Evidence of calcification was noted in four cases at a mean interval of 4 months after injury. These deposits, seen mostly in deep stroma, could either be residual calcium deposits after lime injury or the calcification of soaps as observed in certain animal experiments. It is however beyond the scope of this study to confirm the nature of the residual amphophilic deposits in the ocular tissues after chemical burns.

Evidence of residual amniotic membrane in the excised pannus noted in 42% (5 of 12) patients who received AMG is an interesting finding. Although we did not use any specific marker to detect the AMG, the morphological appearance of the pale PAS-positive, Alcian blue-positive elongated structure surrounded by neutrophilic infiltrates was highly suggestive of residual AMG. We also noted that there was greater evidence of residual AMG on the corneal surface than on the conjunctival surface; this suggests that the conjunctival dissolution of the membrane is faster than in the corneal region. This is not only of academic interest, but could have long-term implications on the use of cultured epithelium using amniotic membrane as a carrier. Long-term follow-up of these patients, histologic study of the excised tissues, and keratoplasty specimens could help us understand the rate of dissolution of this membrane in the cornea.

Chemical burns invariably cause damage to the surface epithelium as well as to the stromal matrix. The persistence of active fibroblasts in some of the tissues is a proof of ongoing stromal changes, long after the primary damage from chemical burns. The initial influx of polymorphonuclear cells and direct damage of the stromal matrix and fibroblasts could possibly trigger off a vicious cycle of inflammation, wound repair, and fibrosis, thus masking specific changes, if any, of the primary insult.

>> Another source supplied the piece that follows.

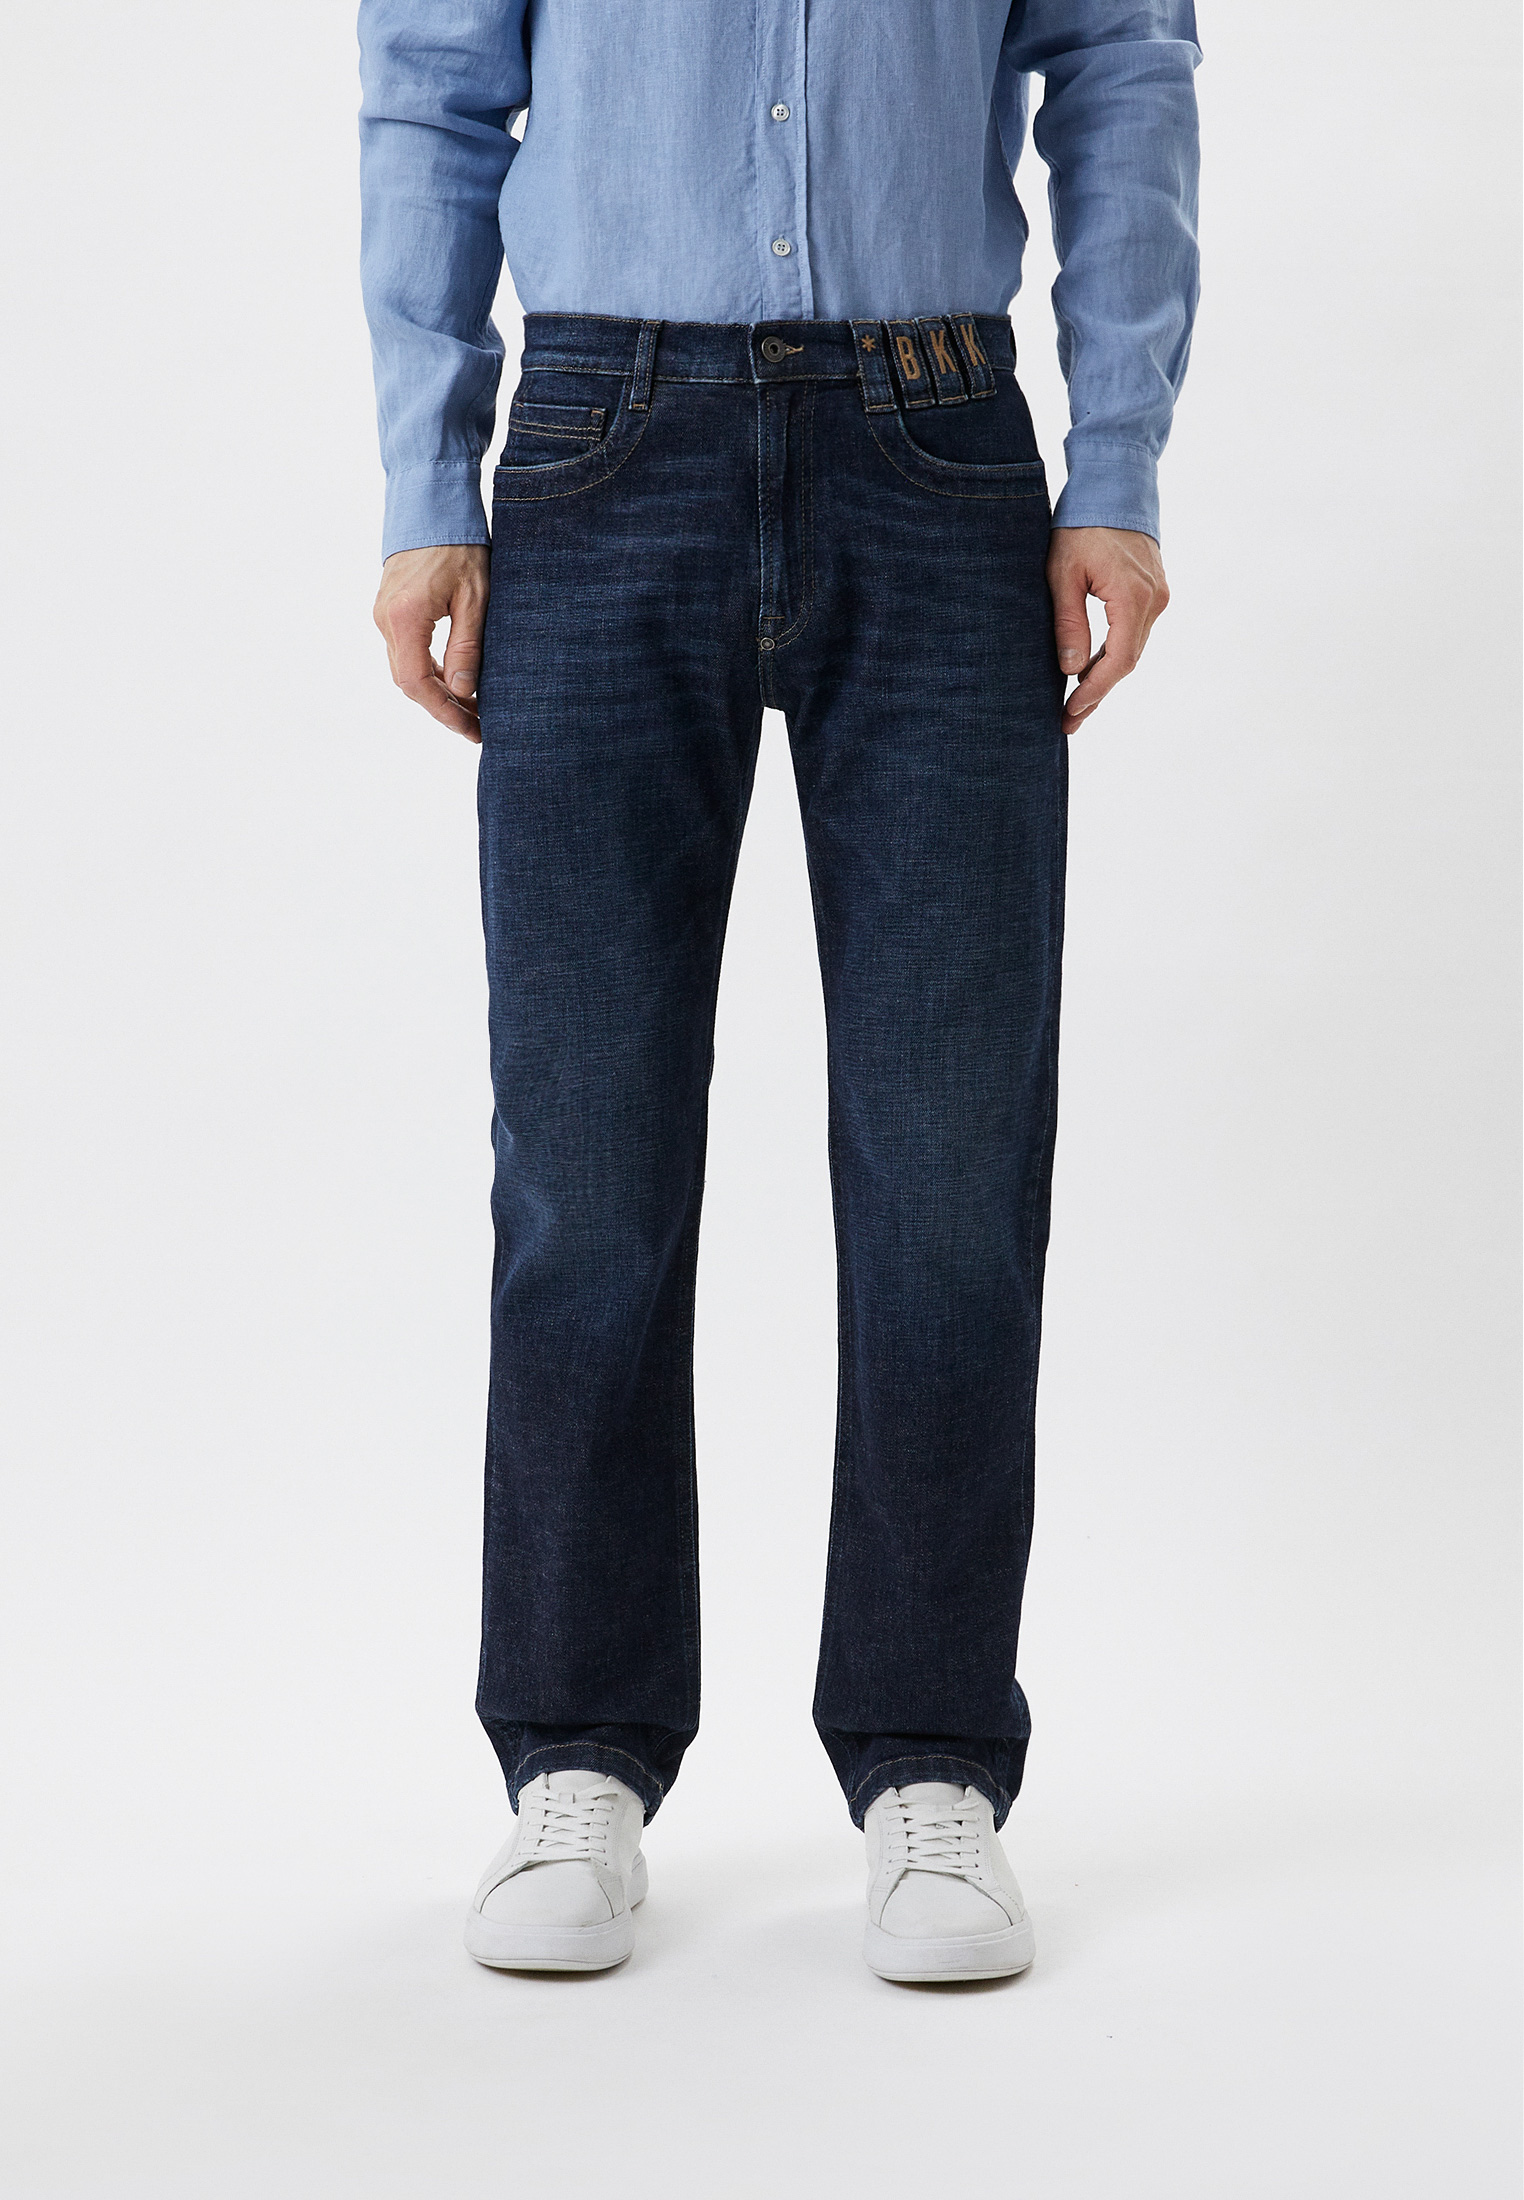 Мужские прямые джинсы Bikkembergs (Биккембергс) CQ11380S3670: изображение 1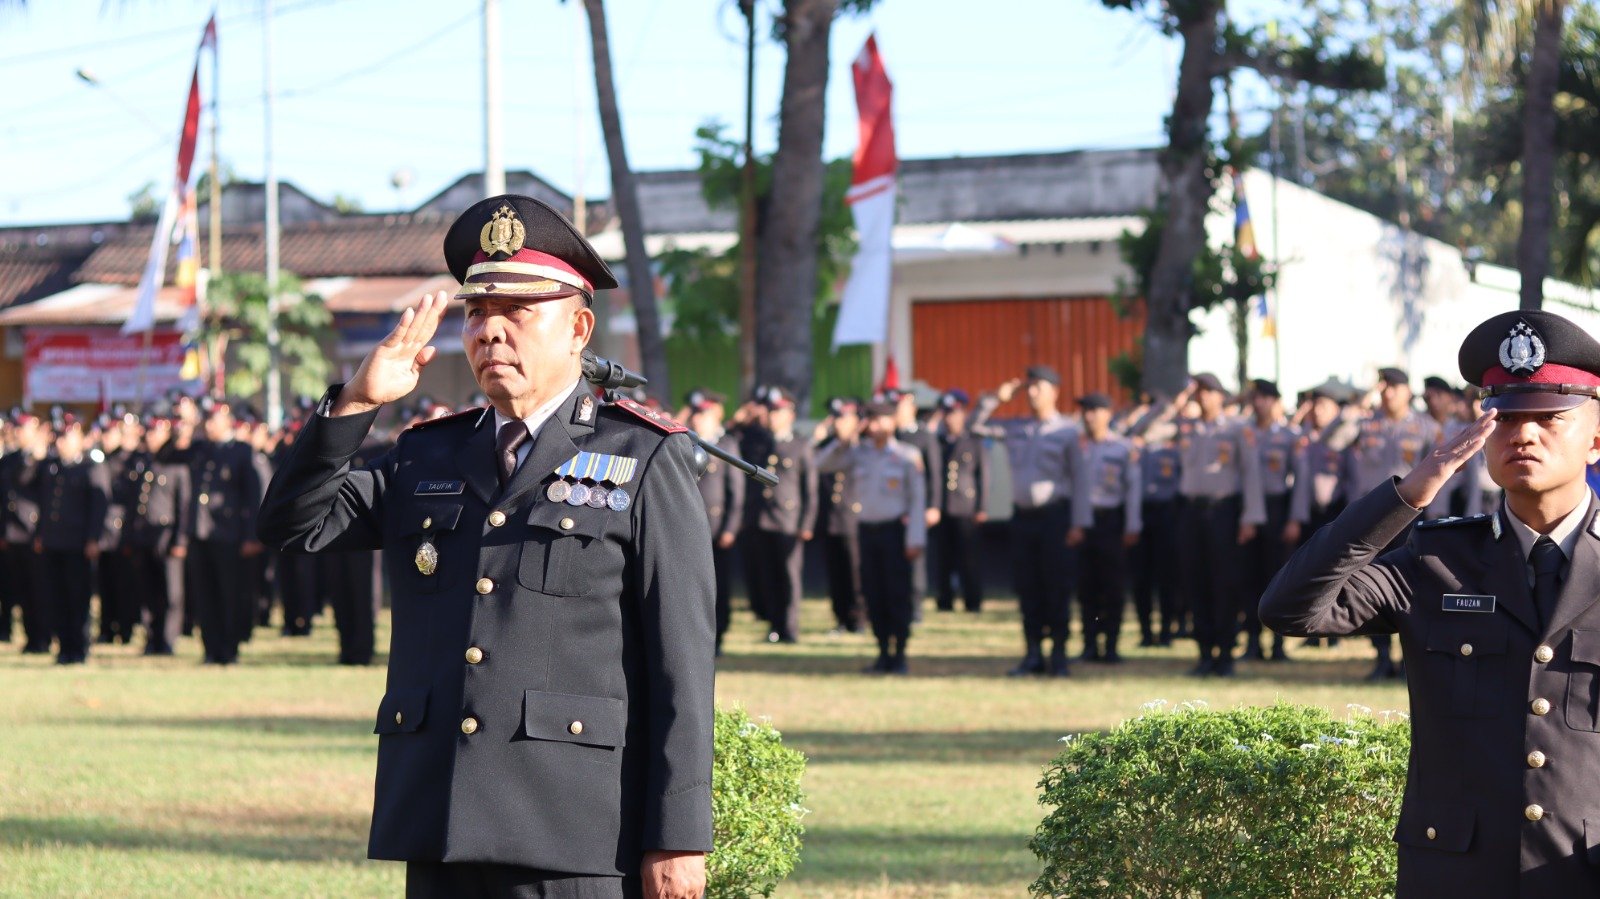 Upacara Bendera HUT RI ke-78 di Polres Lombok Barat

In summary, alkali burns are the commonest cause of severe LSCD, producing long-standing and persistent changes like epithelial hyperplasia, fibrosis, and inflammation over the ocular surface. Amniotic membrane if used in ocular surface reconstruction could persist for long periods within the corneal pannus. Goblet cells on cornea confirm the diagnosis of LSCD, but their absence does not rule out LSCD, and correlates with prolonged interval and squamous metaplasia of the entire surface in such cases.